It's less common than it used to be, and I think that's because the lead-bullet loads leave a bit more fouling, both on the inside (the barrel) and outside of the gun. The only one I still see regularly on the shelf in some stores is the Federal American Eagle .38 Special 158 grain round-nose lead target load. This is pretty good stuff; I once won a pistol match with that ammo, when my ultra-accurate hand-loaded target ammo was accidentally left on the loading bench at home, halfway across the state (Doh!). Any factory-loaded .38 Special 148 grain wadcutter load should also shoot pretty well, and some will shoot superbly.



> Is there any significant difference between bullet weights? I've never noticed any difference in different 9mm weights I've used.

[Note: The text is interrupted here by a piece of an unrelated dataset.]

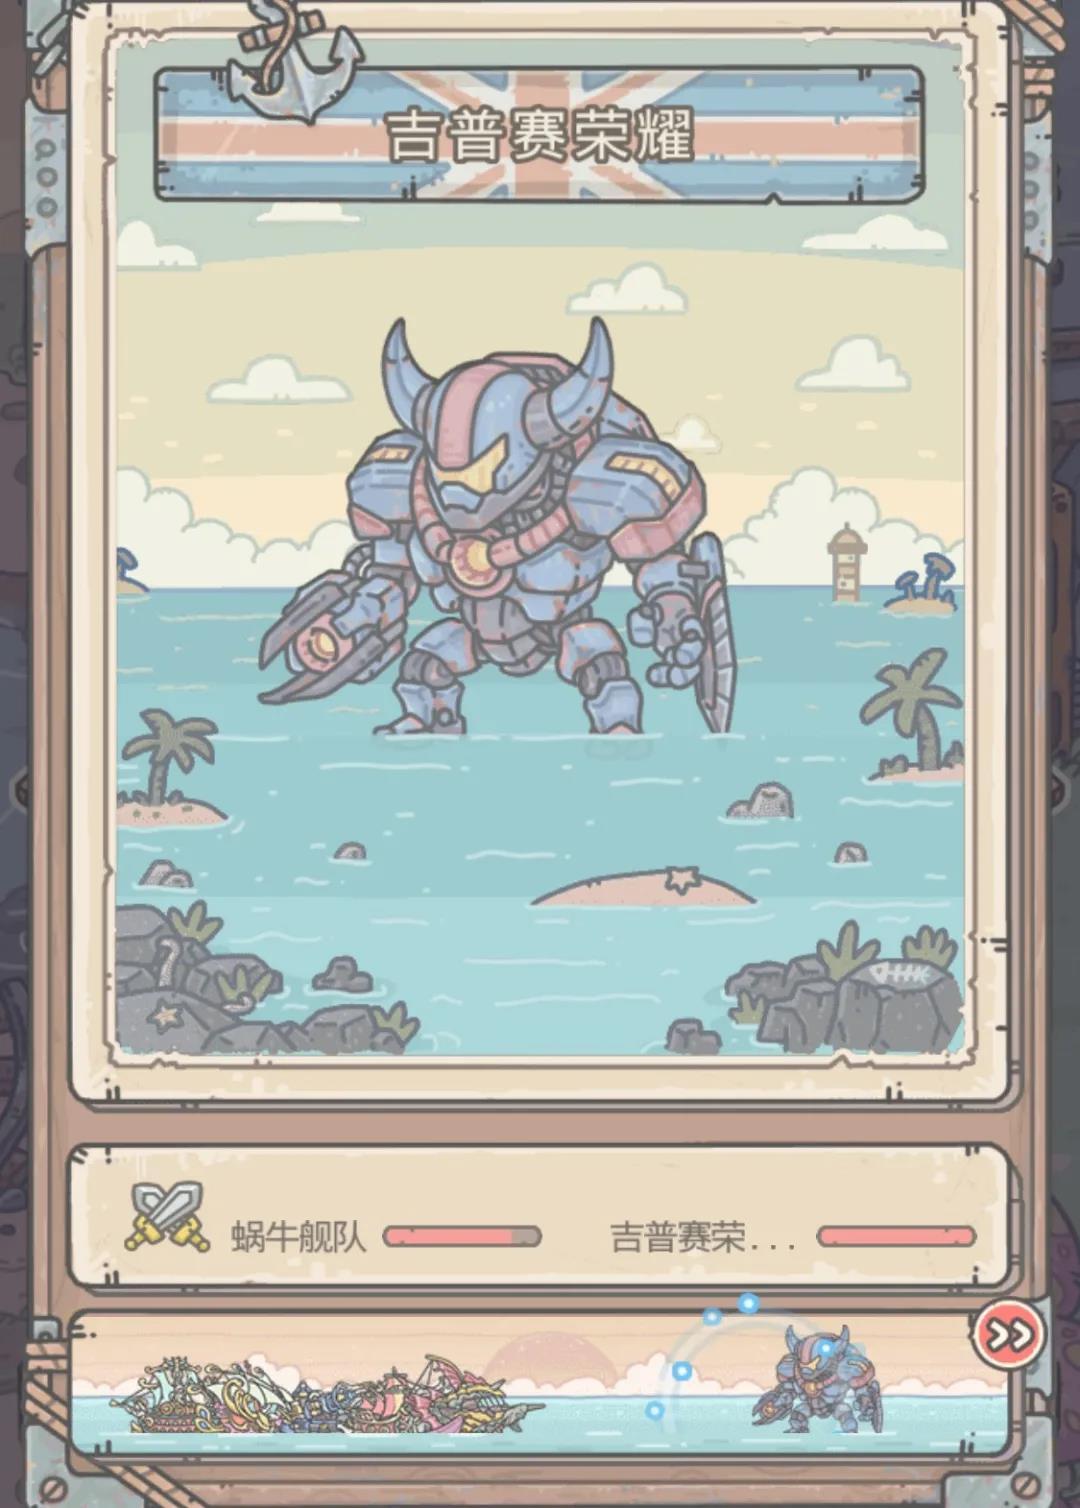 最强蜗牛不思议海域吉普赛荣耀介绍 吉普赛荣耀奖励说明

 If you precisely sight-in your adjustable-sighted revolver with one load, and then switch to another bullet weight, you should see SOME difference in point-of-impact; but if you generally shoot at closer distances (15 yards and less), it may not be very noticeable. At 25 yards and farther, it should be VERY obvious, but some loads _WILL_ shoot to nearly the same P-O-I, so there are no guarantees. All this assumes, of course, that you shoot fairly decent/small groups on target; if your groups are larger than a trash can lid at 7 yards, then no, you probably won't notice any difference. :smt002 :mrgreen:


----------



## IntegraGSR (Nov 6, 2007)

My range is only about 25 yards long, (indoor) so maybe that's why I havnt noticed much difference. Thanks again for the info, next trip I'll bring a trash can lid to gauge my groups, lol!!


----------



## DJ Niner (Oct 3, 2006)

Just goofin' around with ya; Lord knows, there have been some days that I would have missed the _ENTIRE TRASH CAN_, not just the lid! :mrgreen:

By the way, as I was browsing through a few local sporting goods stores yesterday, I remembered to look and see what .38 loads they had in stock. One lead-bullet load I had forgotten about was another CCI Blazer aluminum-cased offering. It, like the American Eagle load in the post above, has a 158 grain lead round nose bullet. Also good stuff, but I haven't shot any of it in years, so it had slipped my mind.

Here's hoping you shoot all bullseyes on your next range visit!


----------



## IntegraGSR (Nov 6, 2007)

The first revolver I fired, a smallish Smith 357, couldn't hit the broadside of a barn in my hands! I'd fire off all 5 at 25 feet, run the target back in, and only see one hole in the paper, at the bottom corner! Good thing nobody was watching!


----------



## IntegraGSR (Nov 6, 2007)

The Ruger's home, pics coming!

No pics yet, but I did take it to the range after work today. I put 50 Magtech .357's through it, and it ran flawlessly. I, on the other hand, need work! I actually did pretty good, but I had a few "wild pitches" when shooting DA. Shooting SA, I was MUCH better. I forgot to bring a screwdriver with to adjust the sight, but it does shoot high, so I can fix that next time. I'm very happy with it so far!


----------